Spain: response of year-on-year GDP growth to a Europe-wide uncertainty shock
What channels have we considered in estimating the impact of this uncertainty?

Our model captures an erosion of economic growth due to the impact of the uncertainty shock on consumers, businesses and the financial markets. In this exercise, we assume that the financial variables are first affected by the shock, and that this shock is then also transmitted to the macroeconomic variables of the real economy. On the one hand, when analysing the impact of an uncertainty shock consistent with the rise in the geopolitical risk index that was observed following the start of the Russian offensive, the risk premium shows an increase in the short term, while consumer confidence is eroded. In this context, investment growth contracts (by approximately 1.2 pps in year-on-year terms), as some companies postpone their investment plans until they have greater visibility.

The impact of this uncertainty shock on the average growth of 2022 in Spain could lead to a reduction of 0.2 pps.5 That said, this is assuming that the conflict will be de-escalated in the coming months and that we will not experience the same degree of uncertainty in the second half of the year. If the conflict were to draw out for longer, the toll on growth would be greater.

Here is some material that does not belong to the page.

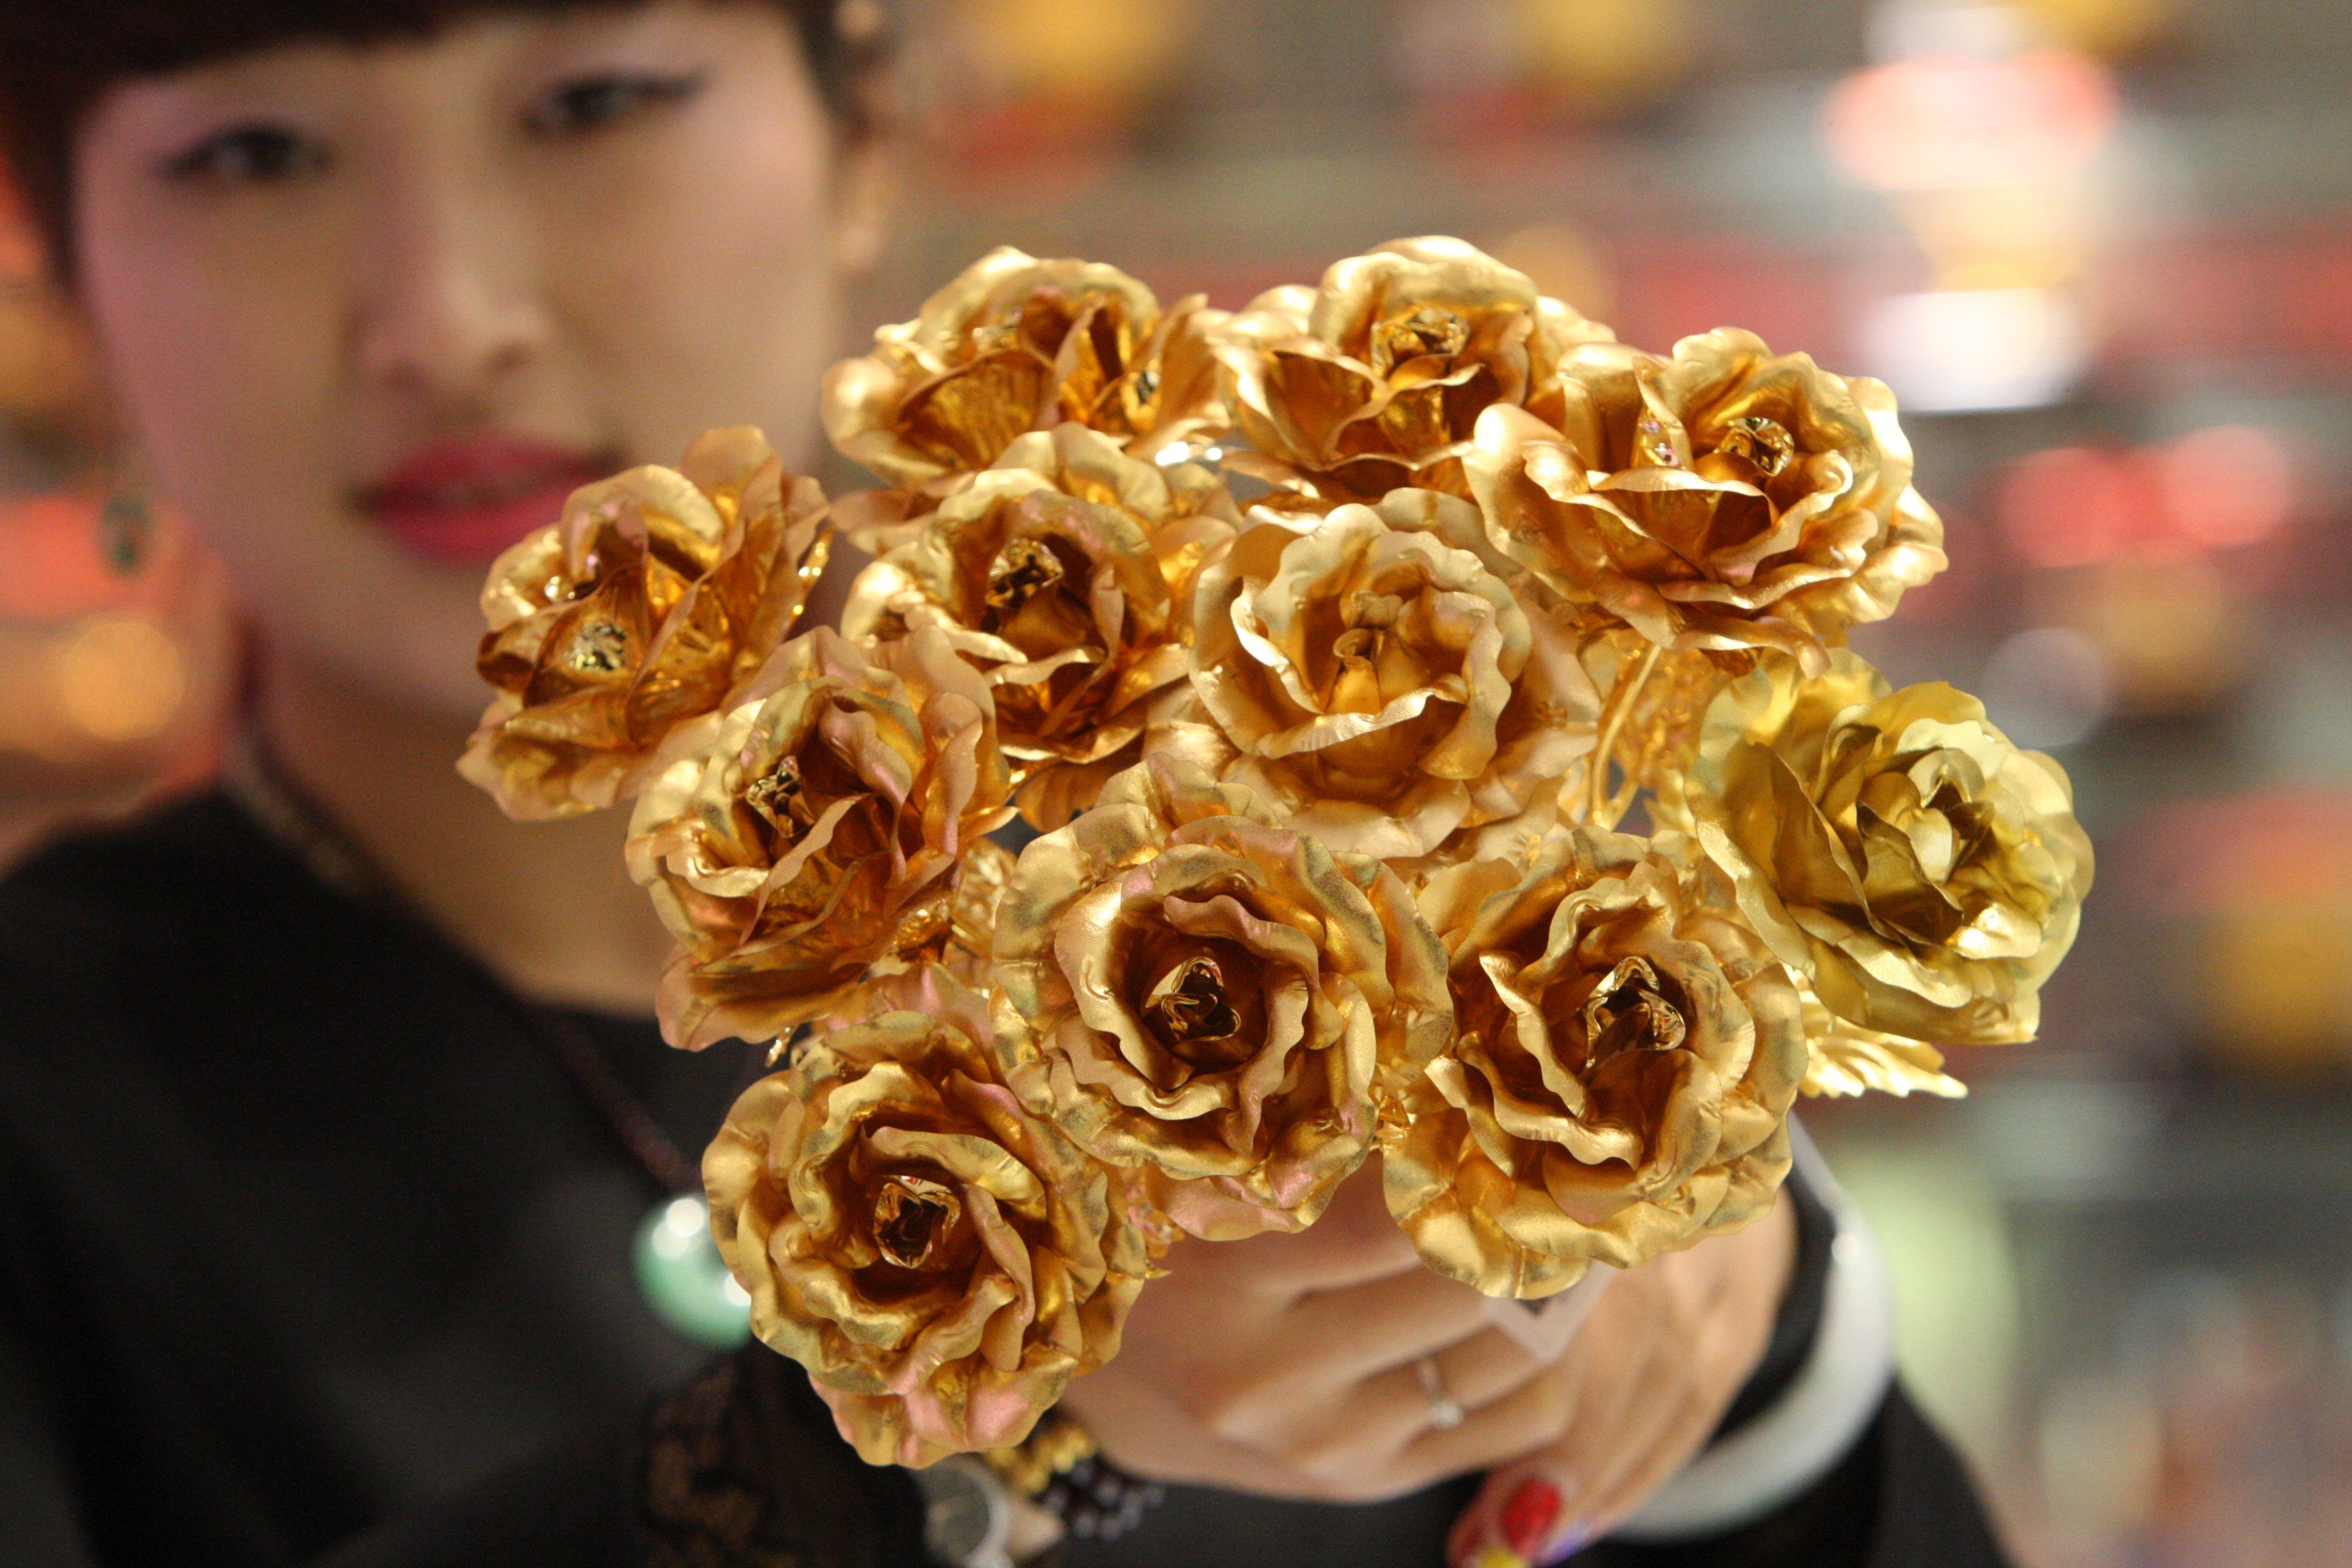 A worker shows off gold foil roses, a popular Valentine’s Day gift, at a shop in Yantai, in east China’s Shandong province, in February 2016. Chinese consumers tend to have a high appetite for the noble metal. Photo: Xinhua

  • 5. This impact is similar to that which we obtain using the CaixaBank Research semi-structural model for the Spanish economy (see «Modelo semiestructural de CaixaBank Research para España», Working Paper 01/21, content available in Spanish). According to this model, the reduction in GDP growth resulting from the uncertainty effect would amount to 0.3 pps when we consider a scenario in which the conflict is de-escalated within a few months.